Cryptology

Spring 2003

 

Default Graduate Project

CSI660T

Due Thursday, May 15th, 2003

Assigned 04/02/03

Value: 40 points.


This is the description of the default semester project. All graduate students enrolled in CSI660T are required to do the project. Undergraduates in CSI445T may also do the project for extra credit.

The project assignment is to write a program to aid in the cracking of polyalphabetic ciphers. For this project, the cipher used will be a straight Vigenere cipher, as described in class.

Since a polyalphabetic cipher uses multiple key substitutions, it cannot be cracked by looking at the letter distribution like a mono-alphabetic (simple) substitution cipher. There are two ways to attack a polyalphabetic cipher.

  1. If you have a long enough message, guess different key lengths. For a guess of length n, assume every n-th letter is encrypted with the same substitution. For each of these n groups, use the simple substitution cracking technique. That is, assume 'e' is the plaintext for the most common ciphertext letter, etc. Work out a trial subsitution table for each of the n groups.
    1. Your program should allow you to modify the substitutions for each group. This will allow you to tinker with the substitutions, in case the letters are not in the stereotypical order in the actual distribution of the message.
    2. If individual messages are too short for this method (e.g.

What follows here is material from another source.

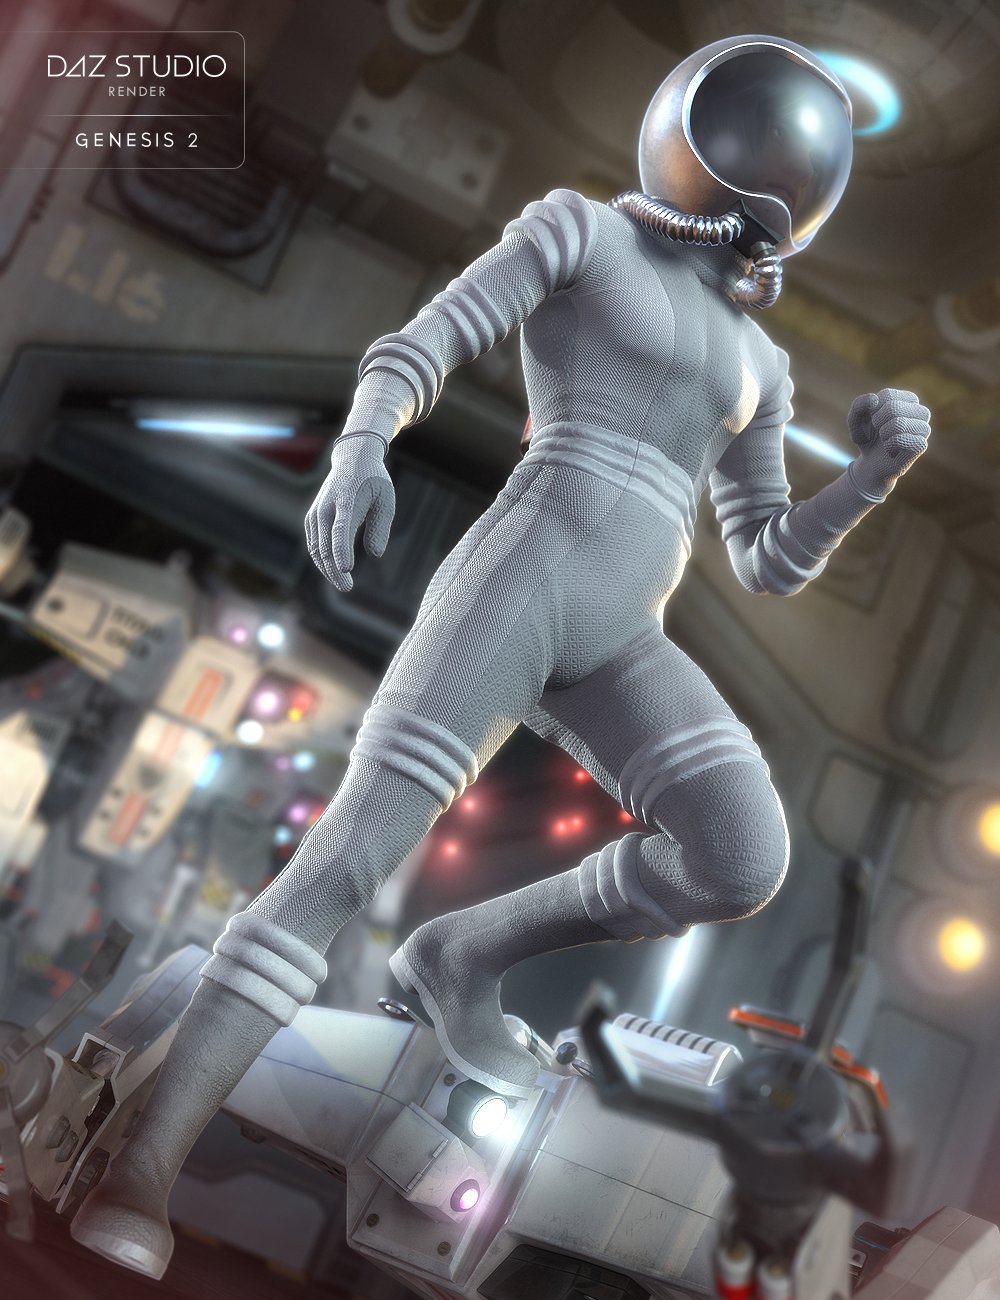 Retro Space Suit for Genesis 2 Male(s) by: NikisatezSarsa, 3D Models by Daz 3D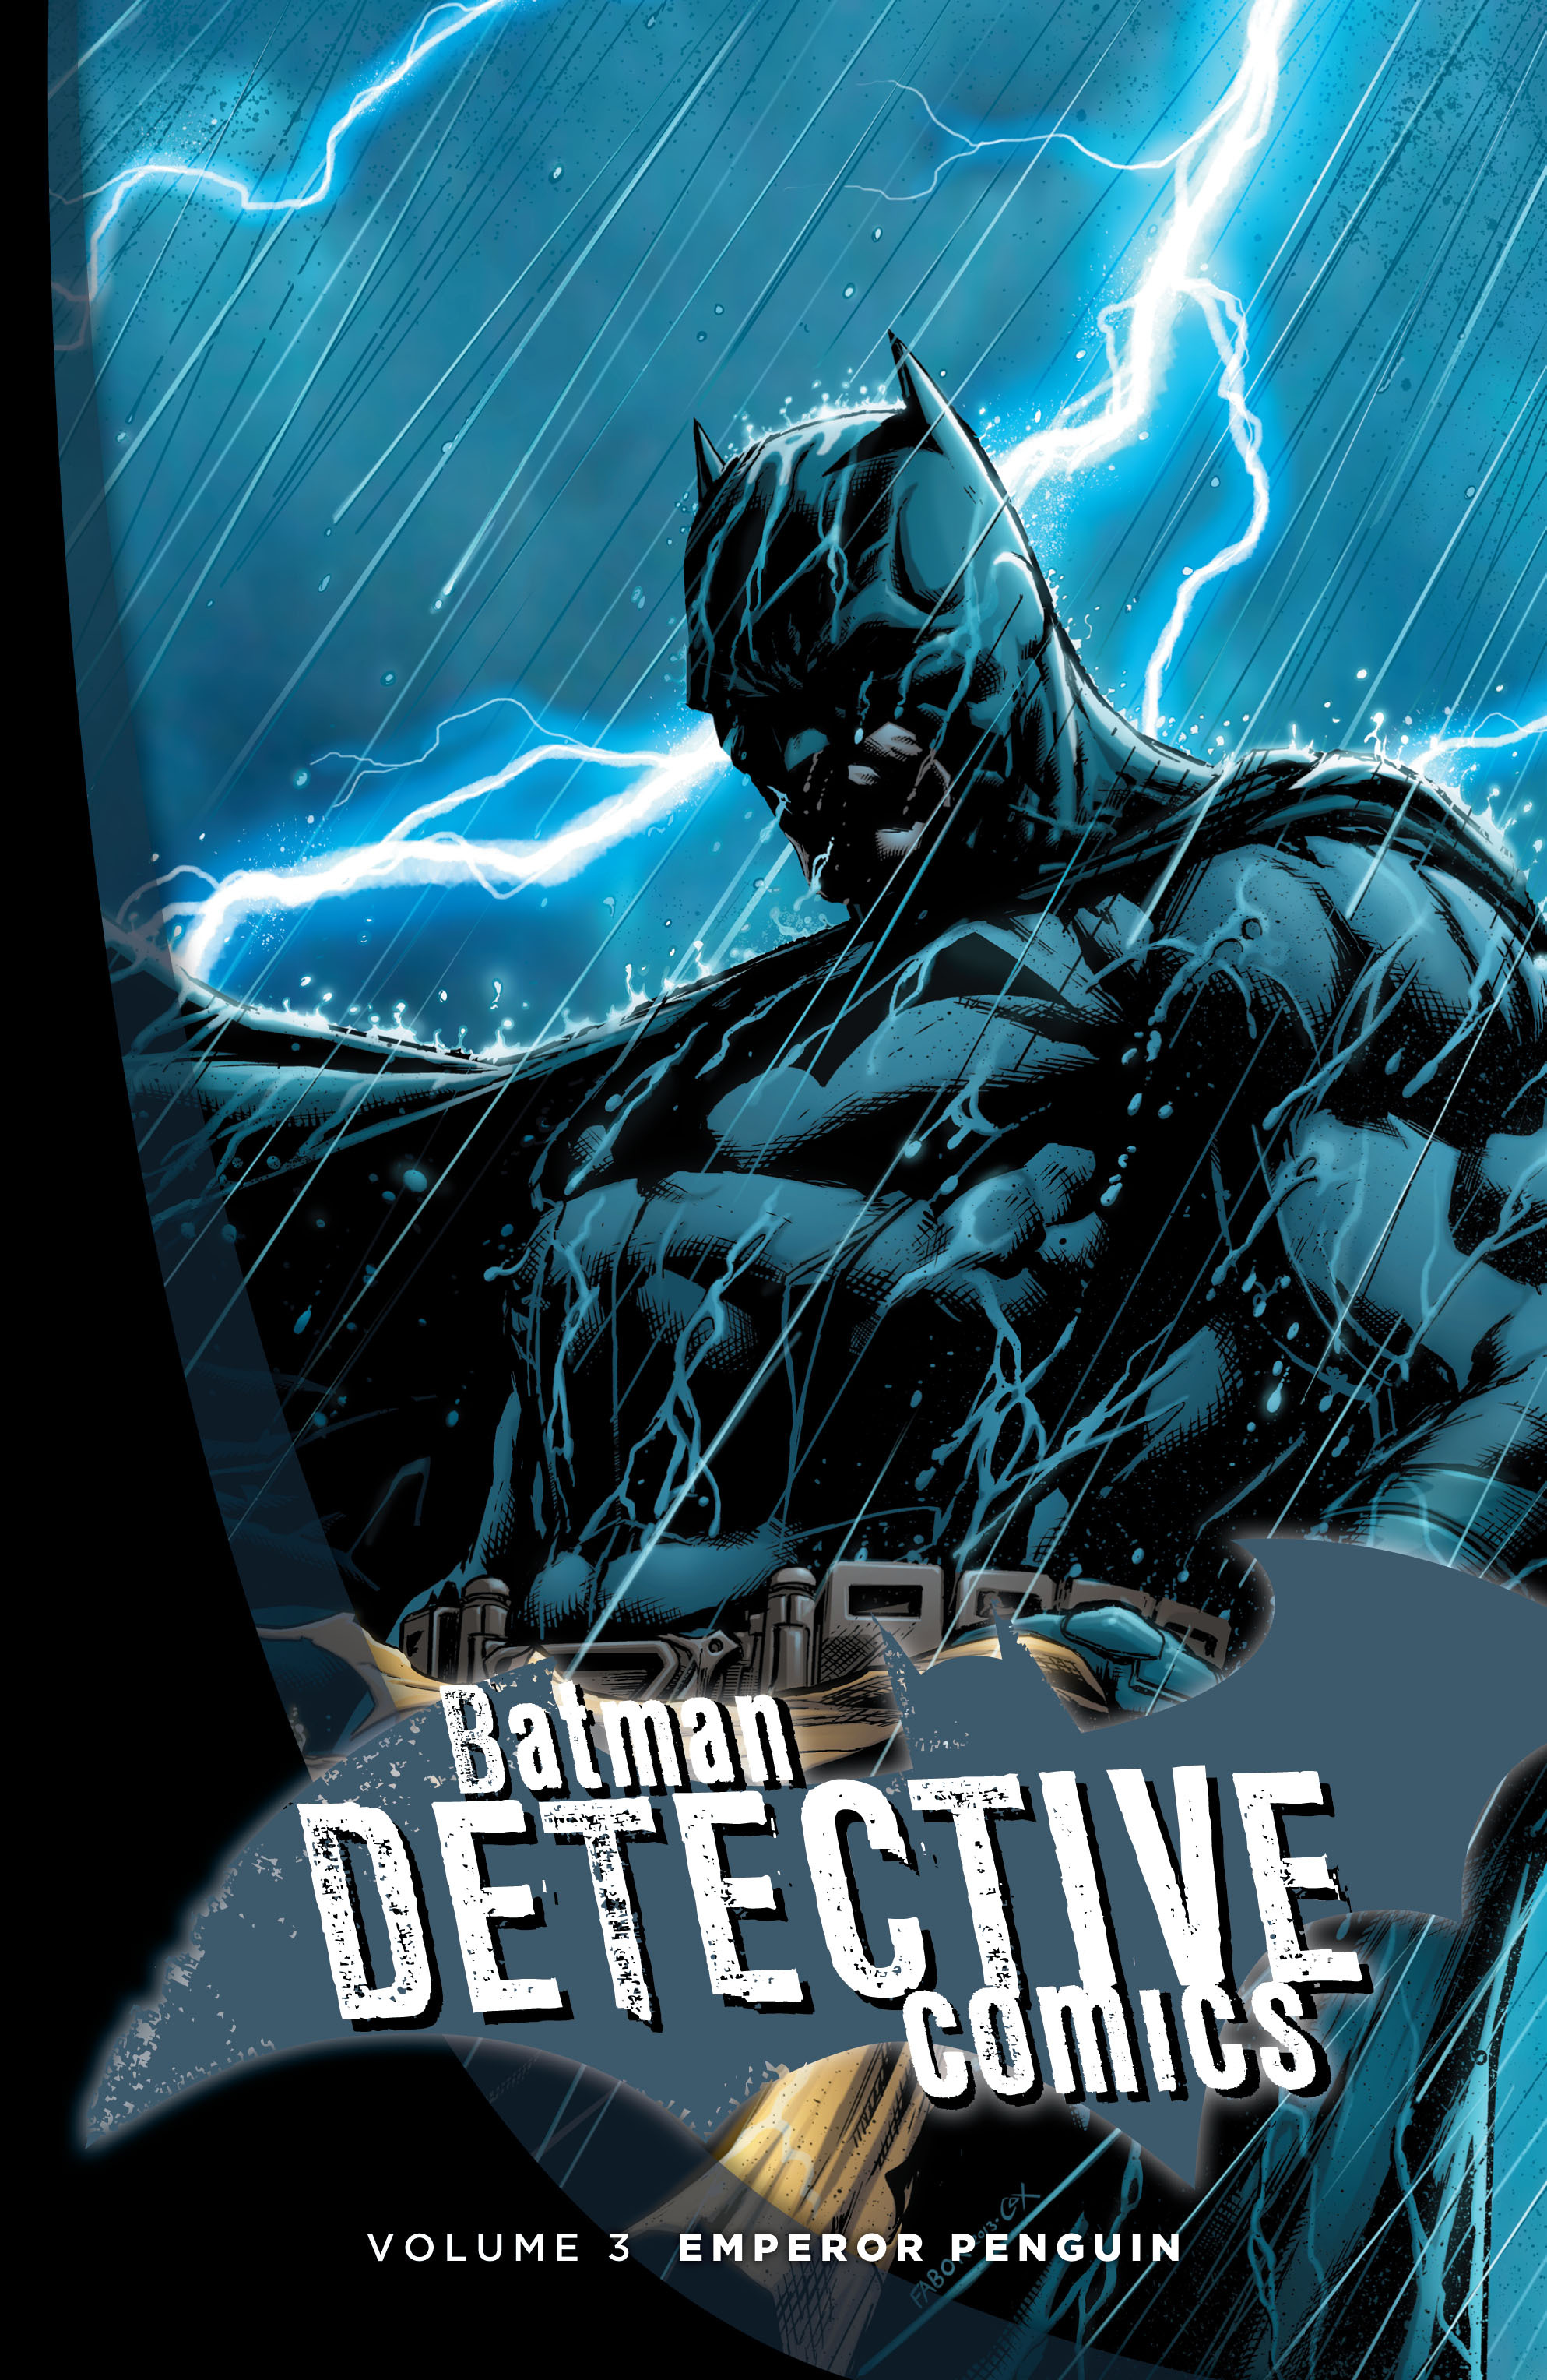 Read online Batman: Detective Comics comic -  Issue # TPB 3 - 2

Budansky, in his book "Battle of Wits: The Complete Story of Codebreaking in World War II" says it takes fifty letter or more of text) multiple messages encoded with the same key can be used. If all messages use the key identically, this method will work just fine.
  2. However, code clerks often make an adjustment to defeat this approach. Assume the key is COYOTE. One message may be encrypted using COYOTE, one with YOTECO, the next with TECOYO, OYOTEC, etc., effectively doing a shift on the key. If this is the case, a more involved approach will be necessary, which is known as alignment, or placing messages in depth.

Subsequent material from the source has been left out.